The most powerful banker in the world, JPMorgan Chase CEO Jamie Dimon, just released his annual letter to shareholders.
Behind Warren Buffett’s annual missive, Dimon’s letter is probably the most read and deliberated executive report out there.
For one, Dimon is one of the most connected and respected men in finance.
And given his bank’s massive size (it earned $24.4 billion on $103.6 billion in revenue last year) and reach (it’s a giant in consumer/commercial banking, investment banking and wealth management), Dimon has incredible visibility and intel on what’s going on around the world.
This year Dimon used a large chunk of his 46-page letter to share his thoughts on government and public policy, saying it’s hard to look at the last 20 years in America “and not think that it has been getting increasingly worse.”
And if you’d like to hear how Dimon suggests we fix regulation, immigration, taxation, infrastructure, education and every other problem in America today, it’s all in there.
I’m not really interested in his political views. Dimon runs one of the biggest banks in the world, so I’m much more interested in his insights into the economy and financial markets.
Fortunately, Dimon didn’t waste all of his letter on politics.
He says the US economy seems healthy today and he’s bullish for the “next year or so.”
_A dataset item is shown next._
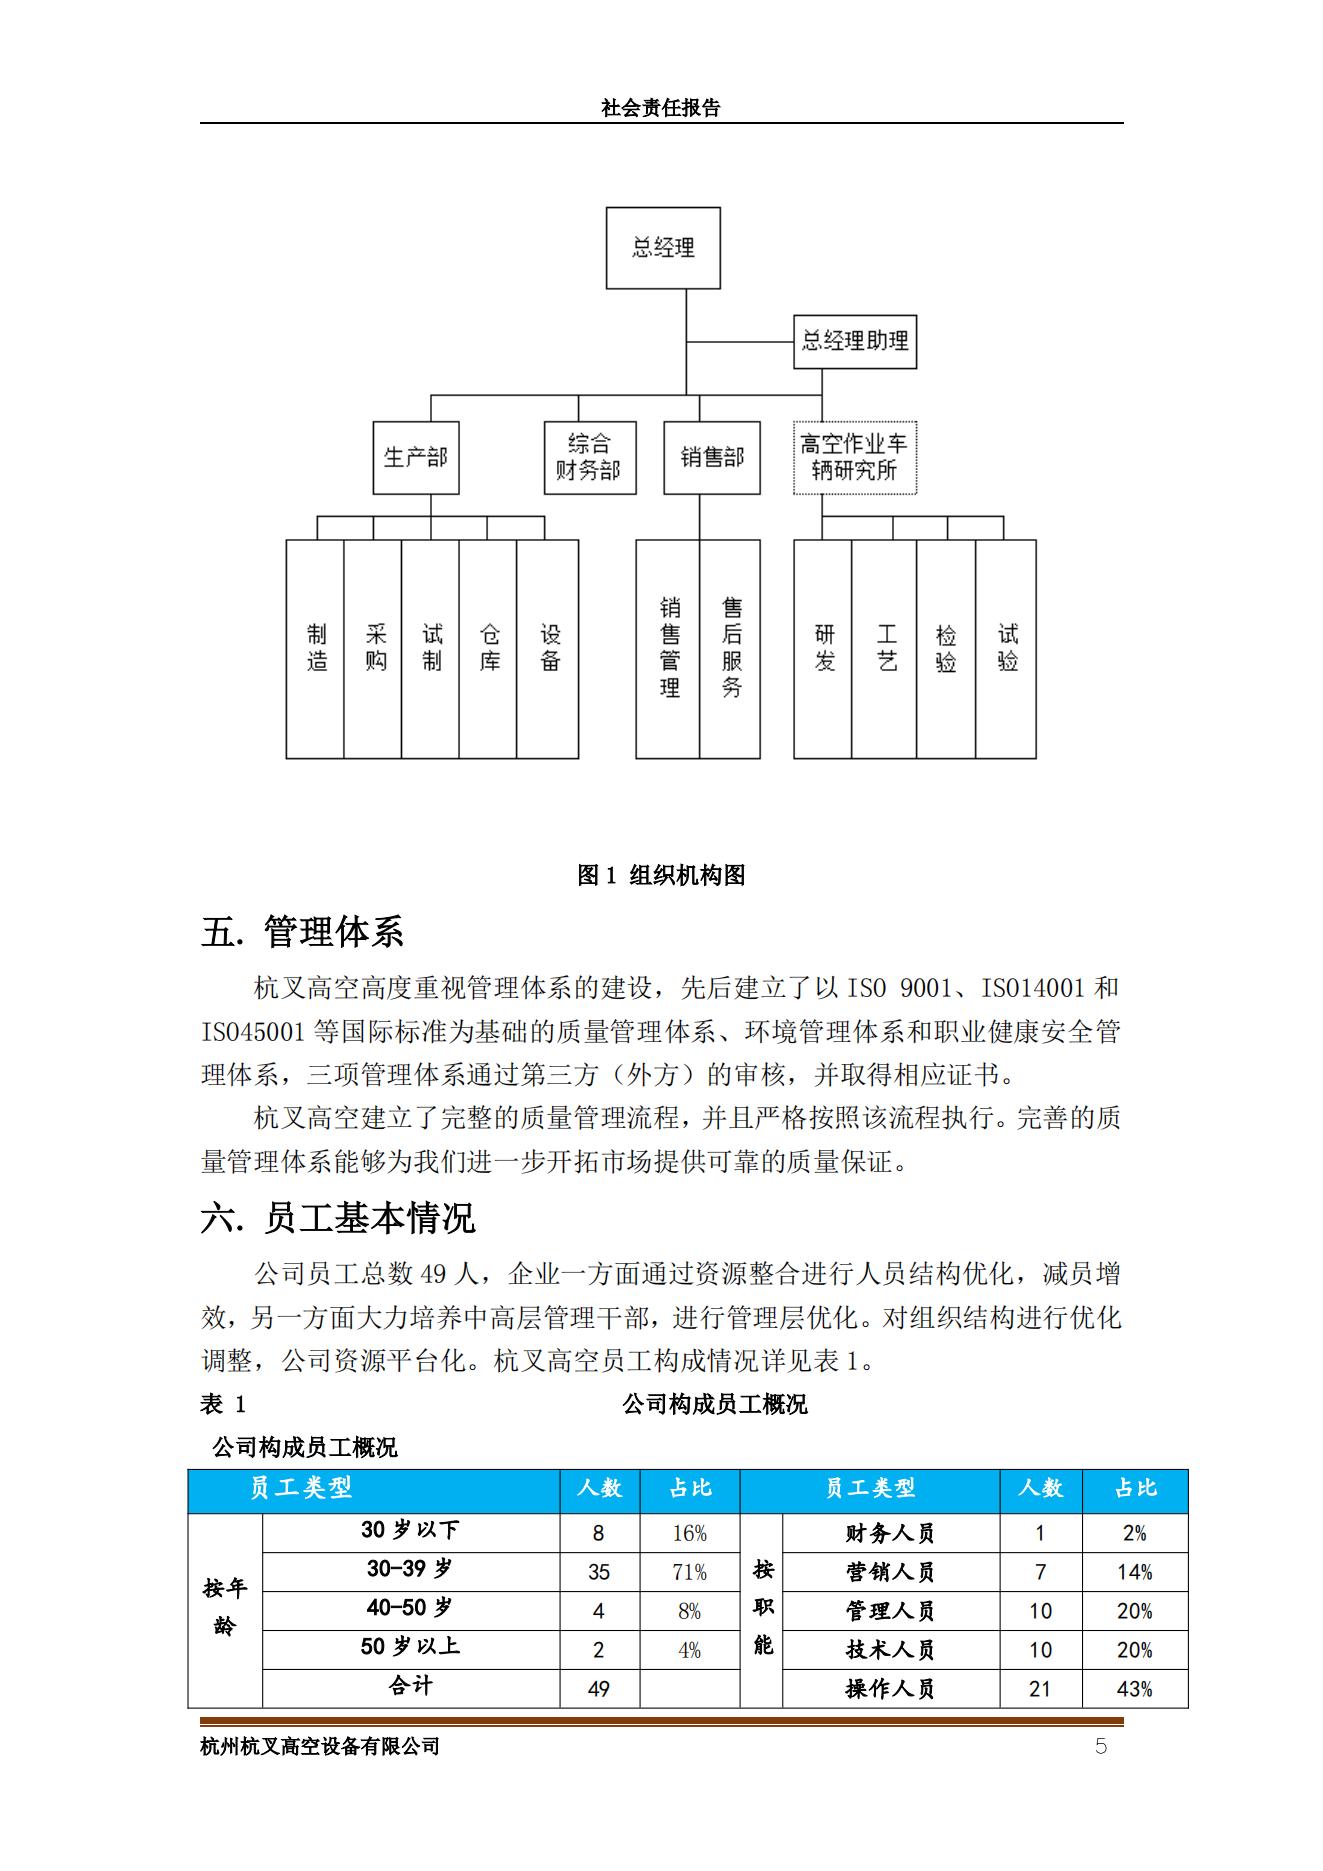 杭州杭叉高空設備2021年社會責任報告(圖5)

He sees lower unemployment, higher capital spending, wage growth, low housing supply and “relatively strong” consumer and corporate credit aiding growth.
Well, it’s easy to have rose-colored lenses when your profits come from lending money… because there’s more debt in the world today than ever before.
Both corporations and consumers are sitting on a record amount of debt. And as I pointed out earlier this week, the fastest growing bank asset last year was subprime loans… meaning that the quality of debt is getting worse and worse.
Then there’s the US government, whose debts just passed $21 trillion for the first time in history.
And they’re projecting adding another trillion dollars of debt each year into the foreseeable future.
Later in his letter, Dimon admits that the US is facing some serious economic headwinds today.
For one, he’s concerned the unwinding of quantitative easing (QE) could have unintended consequences.
Remember- QE is just a fancy name for the trillions of dollars that the Federal Reserve conjured out of thin air.
According to Dimon [my emphasis added]:
Since QE has never been done on this scale and we don’t completely know the myriad effects it has had on asset prices, confidence, capital expenditures and other factors, we cannot possibly know all of the effects of its reversal.
We have to deal with the possibility that at one point, the Federal Reserve and other central banks may have to take more drastic action than they currently anticipate – reacting to the markets, not guiding the markets.